Patents for computer programmes are not patentable in Europe. That seems like a simple statement. But a recent high level decision shows that it is far from simple to apply.
In Lantana v Comptroller General, the English Court of Appeal has looked again at the exclusion of software from patentability.
Lantana applied for a patent relating to a method of extracting and transferring data between computers. Someone working abroad, for example, could use the method to access documents on her home computer. By avoiding the need for continuous connection between the two computers the user is not subject to being hacked or losing connectivity.
European patent law rules out patents for computer programmes ‘as such’. This rather slippery concept comes from Article 52 of the European Patent Convention, and is made law in the UK by the Patents Act 1977. There have been numerous cases around the borderline both in the national and European patent offices and in the courts.
What a court or office has to do is to identify the contribution made by the invention and decide whether it constitutes purely excluded matter. To get past the exclusion of computer programmes, the court or office looks for some inventive step outside the computer programme - a ‘technical contribution’.

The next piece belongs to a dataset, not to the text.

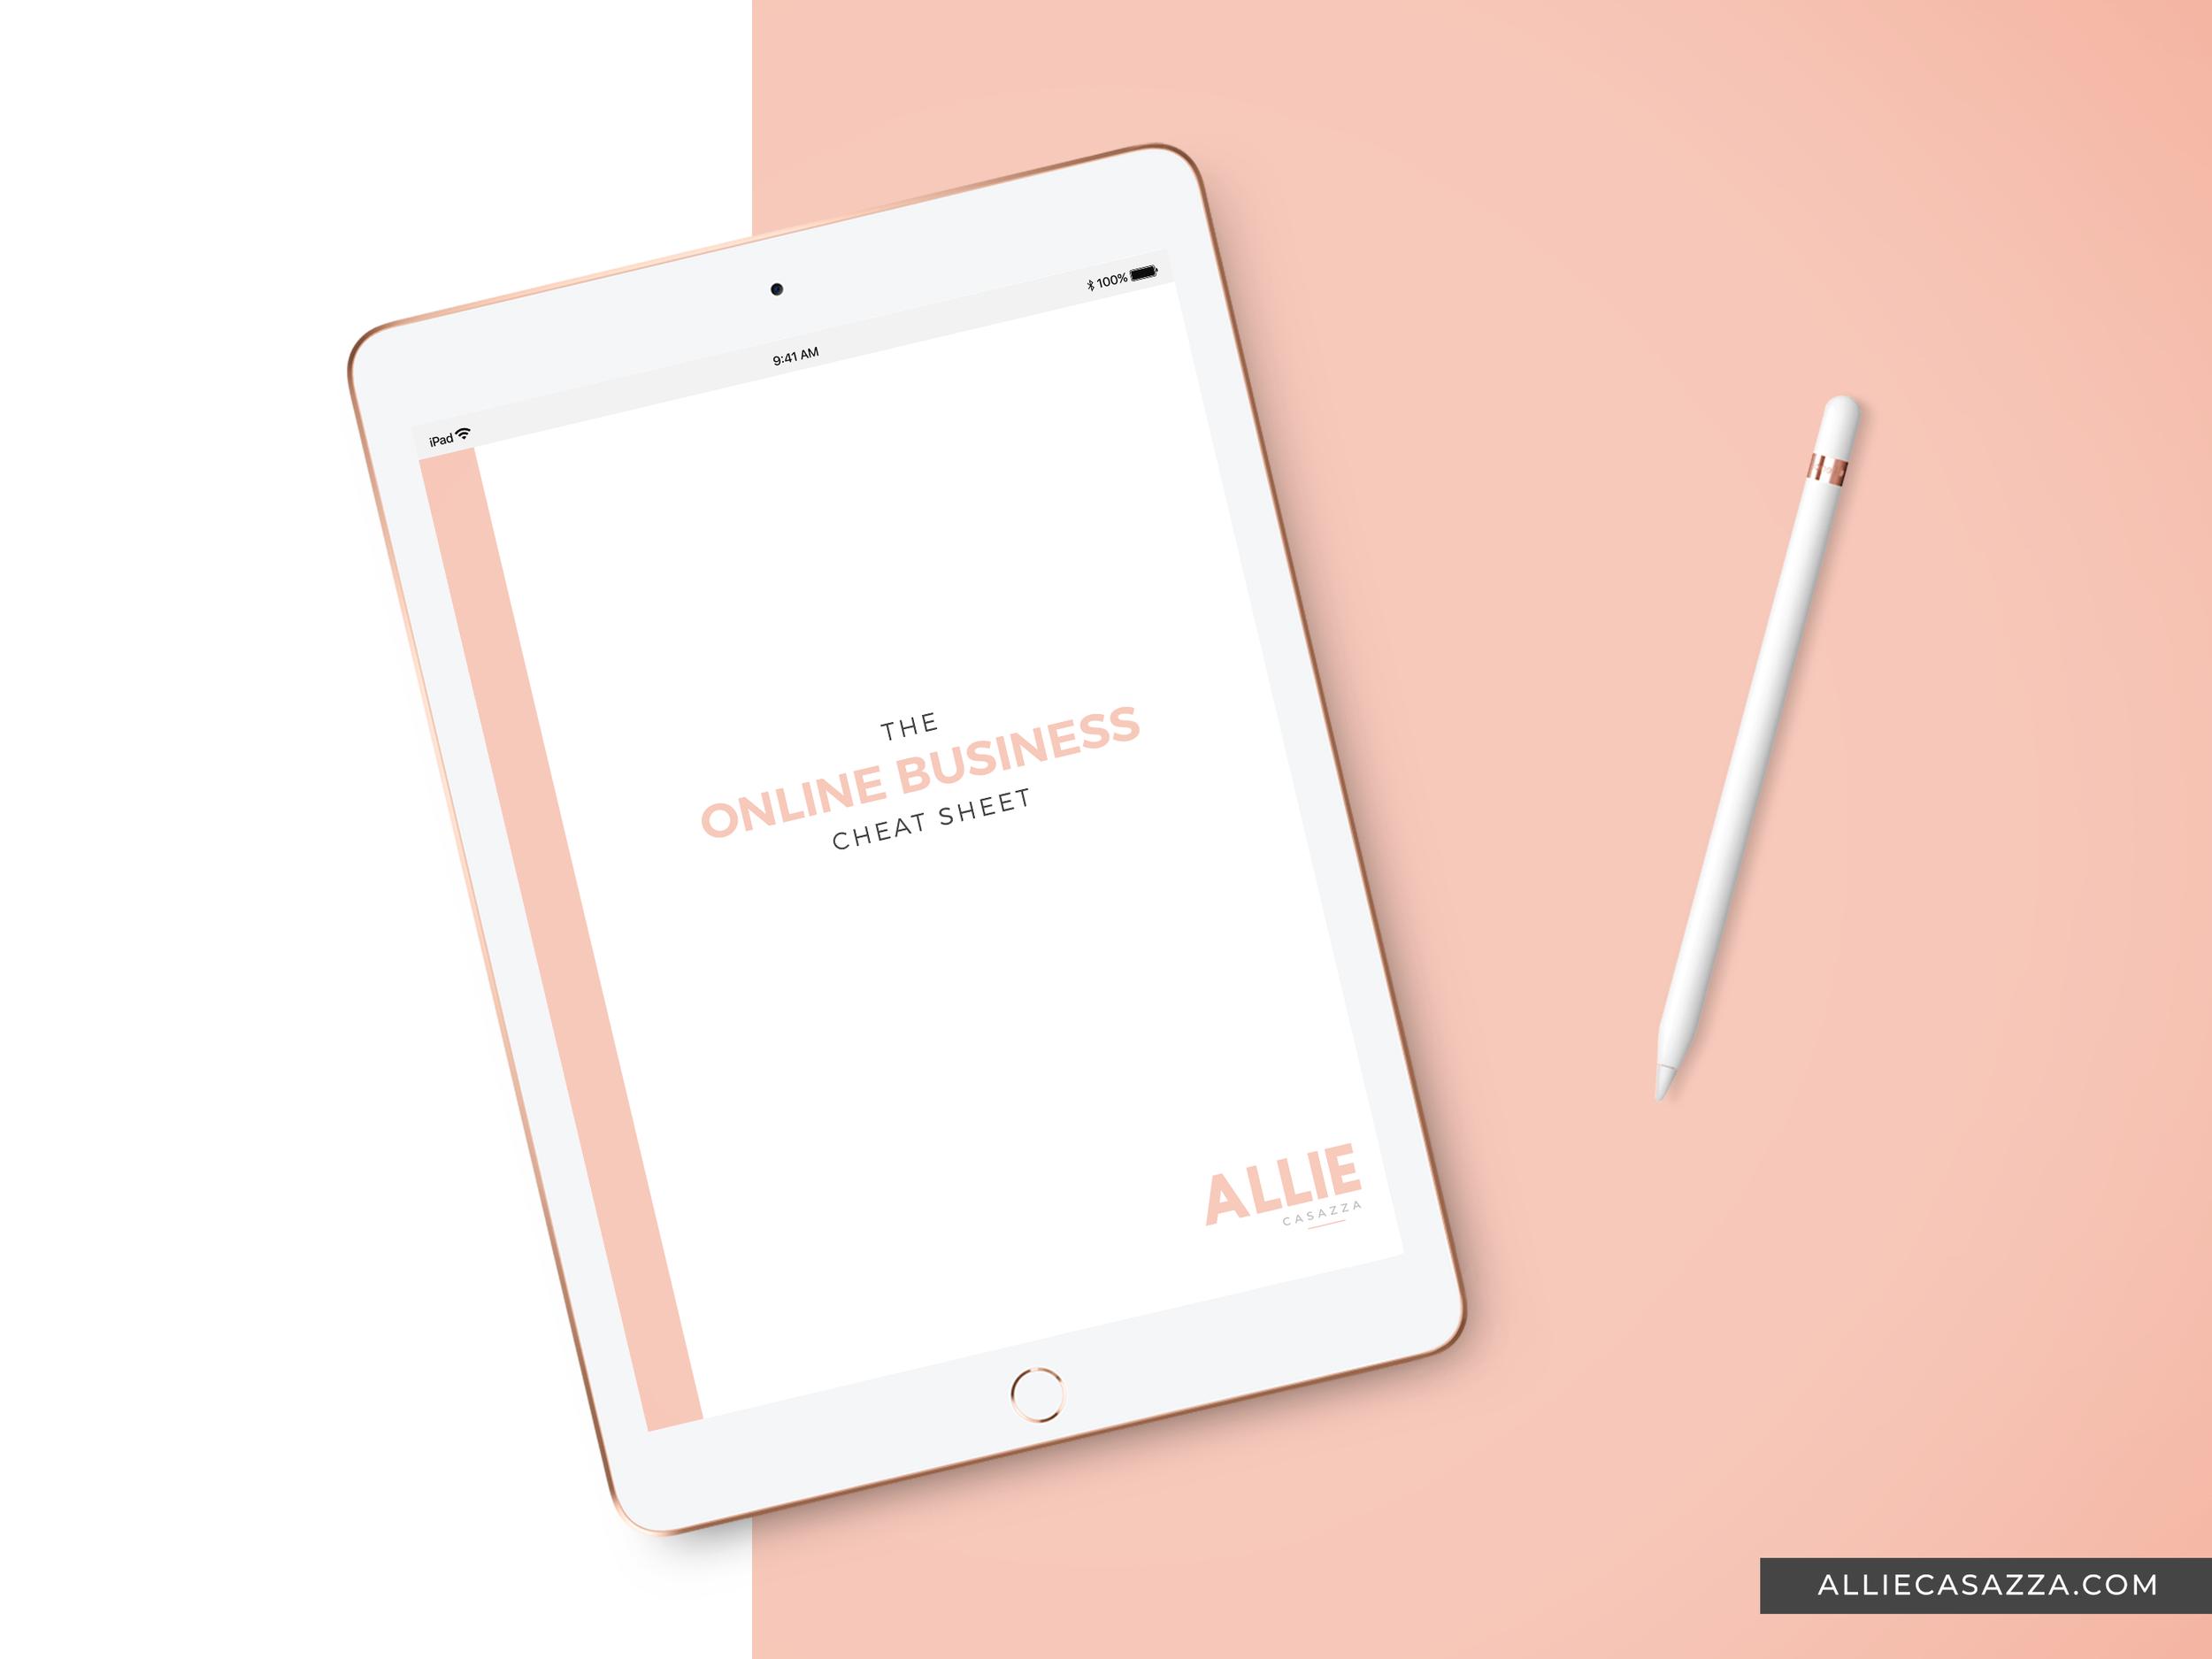 OnlineBusinessCheatSheet-Mockup-iPad.png

This is not a straightforward matter. In a case decided last year the Court of Appeal said ‘it is not possible to define a clear rule to determine whether or not a program is excluded, and each case must be determined on its own facts’. (HTC v Apple). That decision continues the thought process (see paragraphs 45-49) with the following ideas:
- The analysis must be of substance rather than form – the fact that improvements are made to software or hardware does not make a difference;
- The exclusions operate cumulatively – you cannot, for example, patent a combination of a mathematical method and a computer programme when each is in an excluded category;
- Consider what the invention contributes to the art as a matter of practical reality over and above the fact that it relates to a computer programme;
- Consider whether the invention solves a problem which is essentially technical. It may be patentable if it solves a technical problem within the computer, resulting in an improved device, or if it solves a technical problem outside the computer, for example, controlling an improved technical process.

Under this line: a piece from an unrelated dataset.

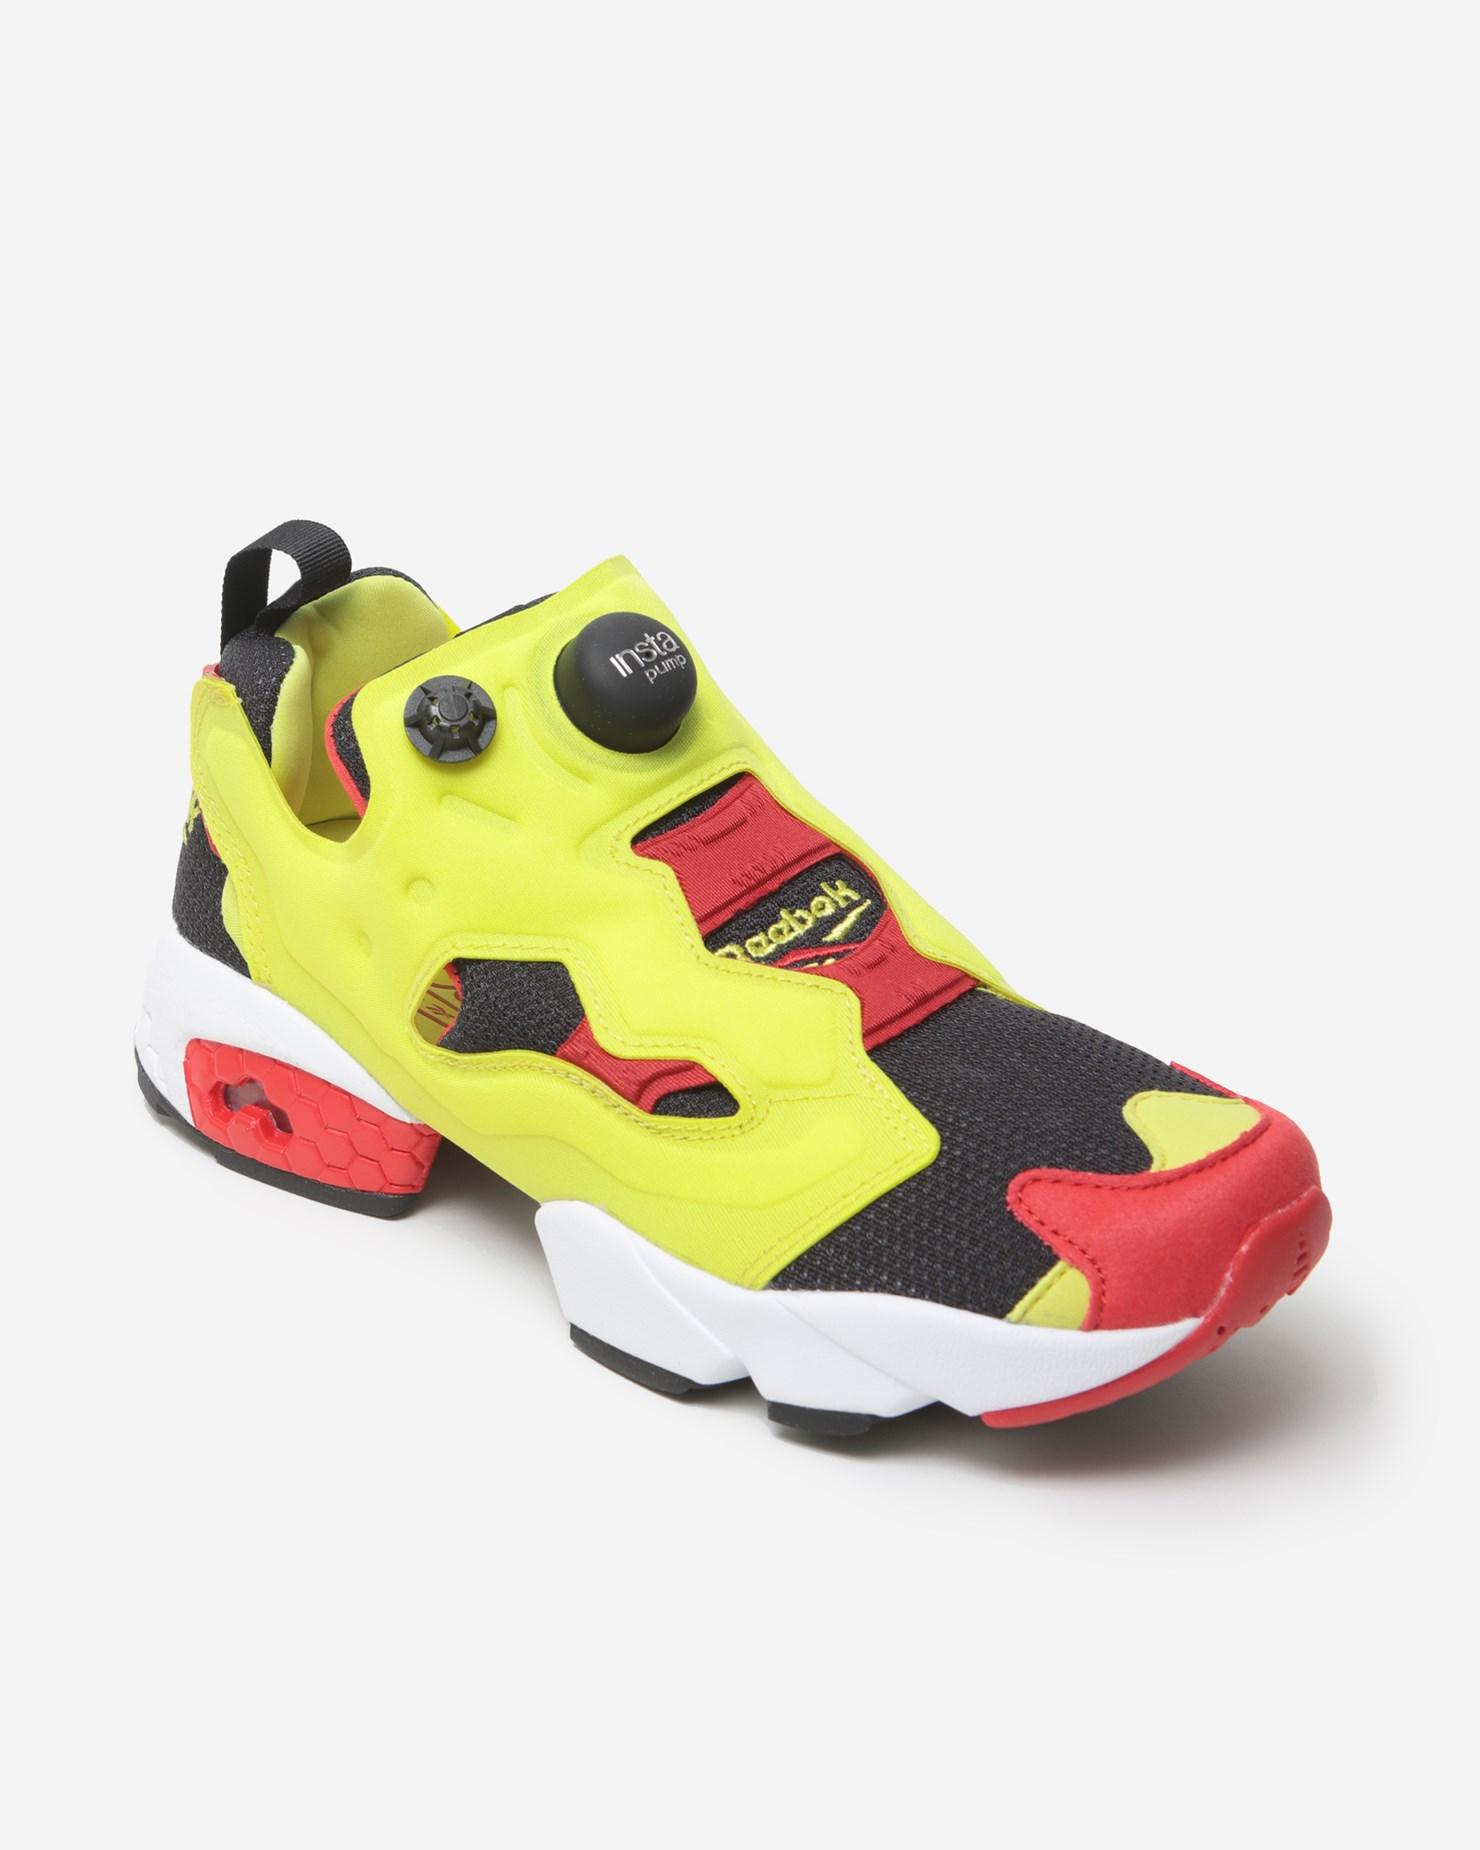 Reebok Instapump Fury OG - Schrittmacher Sneakerhandlung

In Lantana’s case, there was no dispute about the novelty and inventiveness of the claim. It all revolved around the exclusion. The Court of Appeal agreed with both the UK Intellectual Property Office and the High Court that Lantana’s invention fell the wrong side of the line.
Although all three levels deciding this case came down on the same side, once again the reasoning is not easy to apply more generally. And the approach of the European Patent Office to the same question is not the same. This leaves those operating in software related fields in a difficult spot. If you are faced with an infringement suit, or applying for your own patents, how can you be sure whether the exclusion destroys patentability? In many situations working through the guidance in the cases will answer the question, but it will not always get you to the level of certainty you need.